Hemorrhoid or Piles (in layman’s term) is the most common
problem afflicting the anal canal.
It is estimated that one in four adults is affected by it. If
you’ve experienced painless anal bleeding and itching, painful
swelling or lump near the anus, burning sensation or pain
during or after bowel movements – then you probably have
hemorrhoids or piles. However, not many people know much about
Piles come about when the hemorrhoidal tissues enlarge as a
result of excessive straining or pressure while passing stool.
These could develop from the type of lifestyle and dietary
habits of the individual. Occupations that involve prolonged
sitting (example truck drivers) or standing could develop piles.
Other factors like obesity, pregnancy during childbirth,
heredity or even certain habits like reading in the toilet
can cause hemorrhoids too.
There are basically two types of piles: internal and external.
Internal hemorrhoid cause painless bleeding. Occasionally,
straining can push an internal pile through the anal opening,
giving rise to prolapsed hemorrhoids.
External hemorrhoids are lumps outside the anus. It can swell or
become thrombosis causing pain and bleeding. Usually with bright
red colored blood.
When it comes to treatment, we have to consider the degree of
the hemorrhoids. And there are basically four degrees.

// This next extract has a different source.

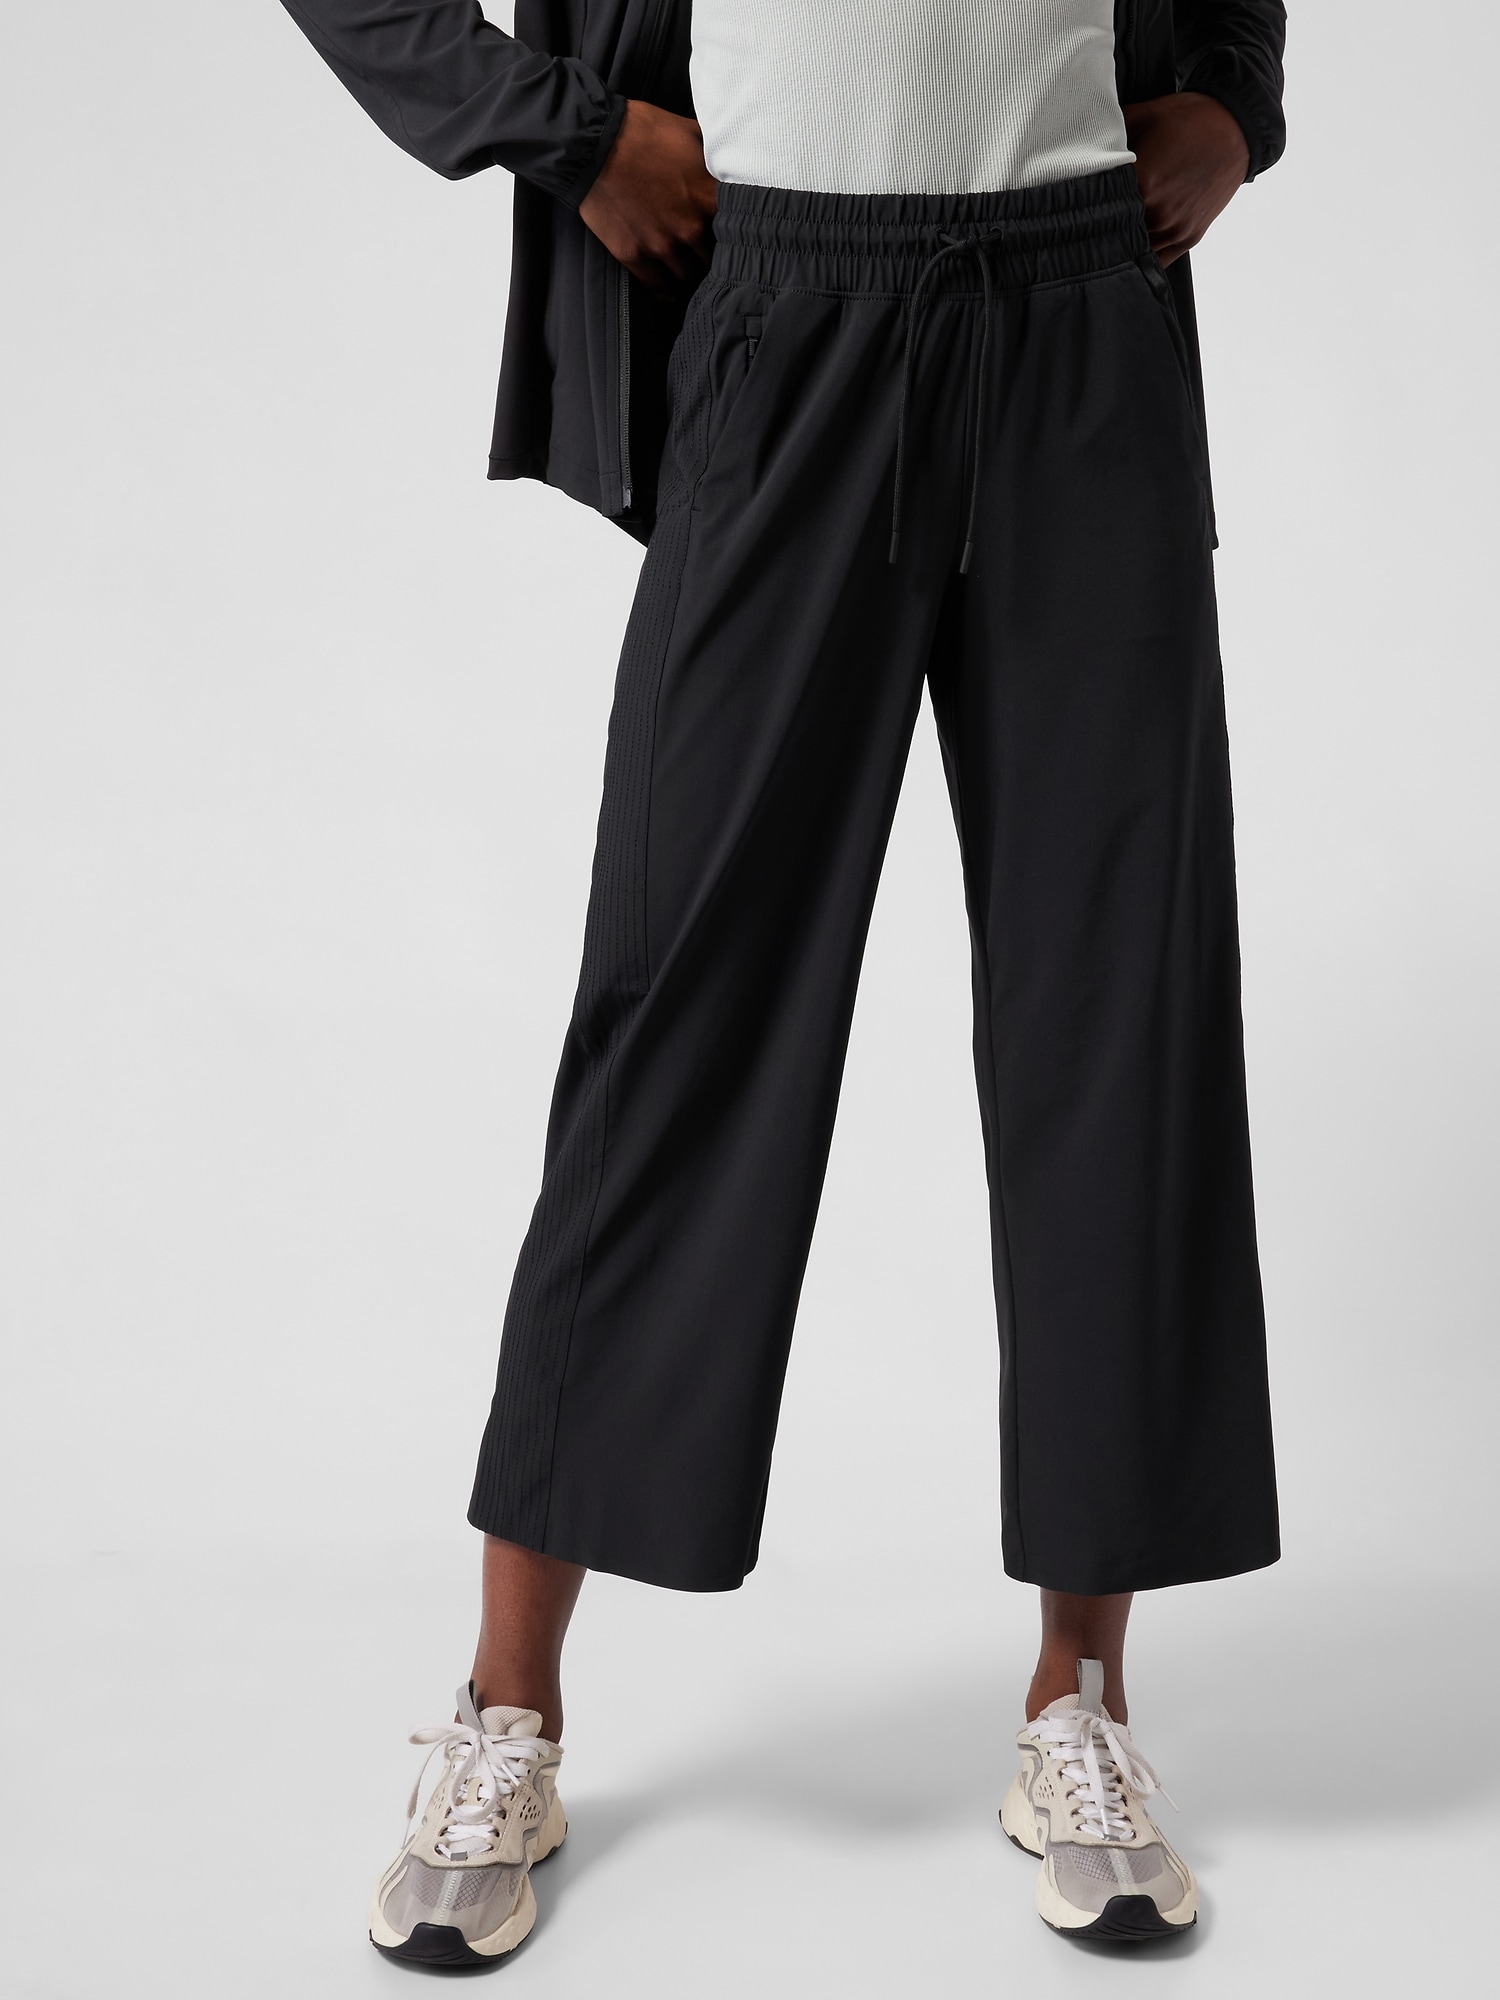 Everyday Knit Wide-Leg Crop Pant
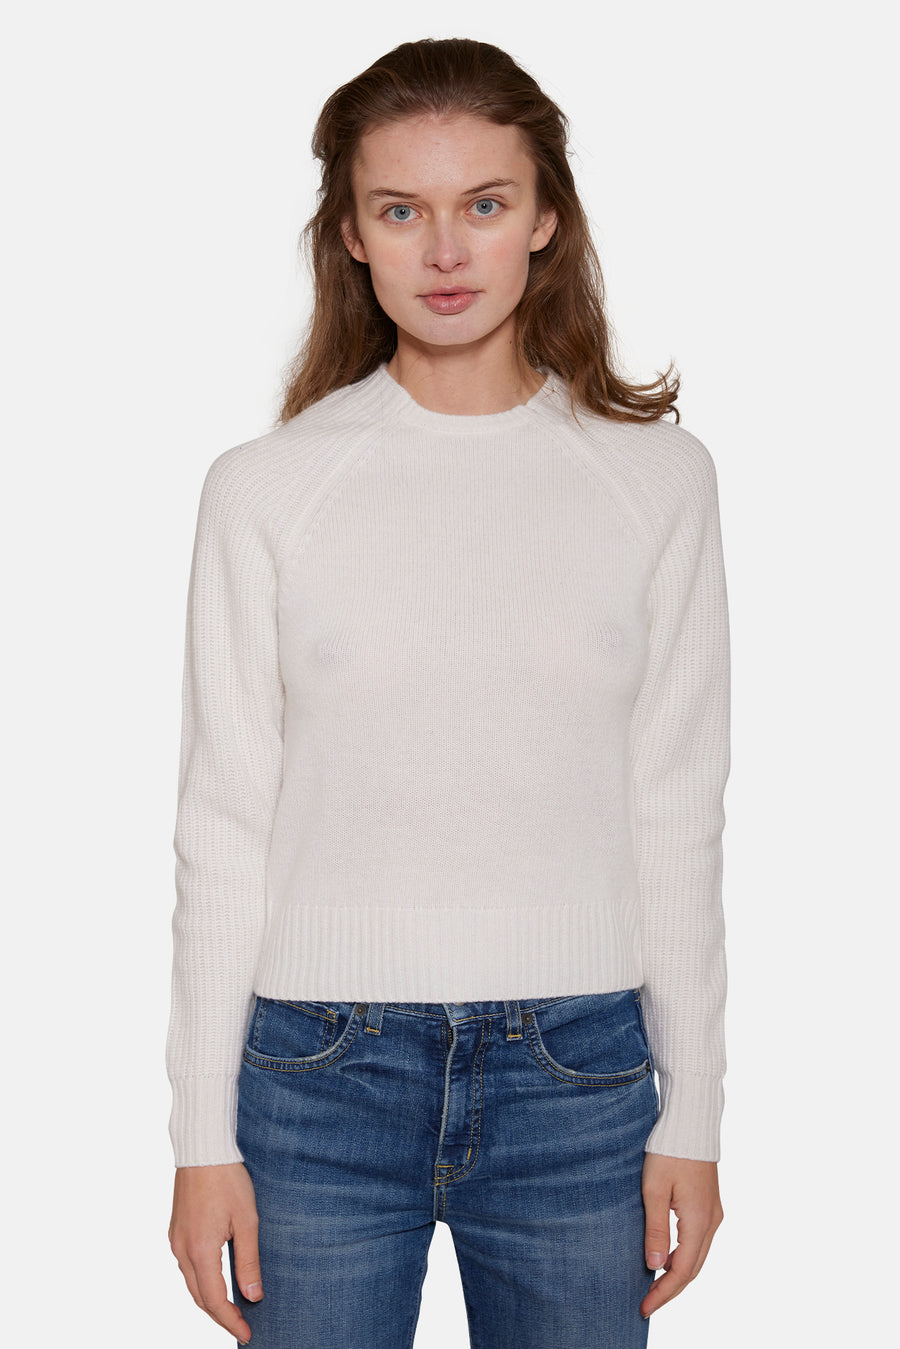 Cropped Crew Sweater White

The first degree – internal hemorrhoids that bleed with
defecation but not prolapsed. The treatment of medication such
as cream or ointment is often sufficient.
The second degree – internal hemorrhoids protrude on defecation
but returns spontaneously thereafter. Here, the use of rubber
band ligation could be used. The procedure consist of tying the
base of an internal hemorrhoid to cut off its circulation. About
ten days later, the hemorrhoids painlessly fall off.
The third degree piles are protrusion seen outside the anus.
Fourth degree piles are those irreducible and remain
persistently prolapsed. For both of these types of piles,
surgery is needed. You can expect a lot of pain and discomfort
at the lower part of the anal canal as here the skin is richly
innervated with nerve fibers.
Now, there’s an alternative to painful surgery with a procedure
called ‘Stapled Hemorrhoidectomy’. Here a cuff of rectal mucous
membrane and hemorrhoidal tissue is excised above the sensitive
part of the anal canal, using a stapling instrument. It does not
leave a large or raw wound, hence less painful.
This procedure is more expensive but has become popular over the
last three years. However, it cannot be performed on all cases
of hemorrhoids such as external hemorrhoid and those with
excessive skin tags.
Piles are preventable and symptoms can be controlled if managed
at an early stage without resorting to medication or surgery. A
diet high in fiber can prevent constipation and excessive
straining associated with it. My advice is to start now, unless
you want to accumulate “a pile of misery” any time soon!.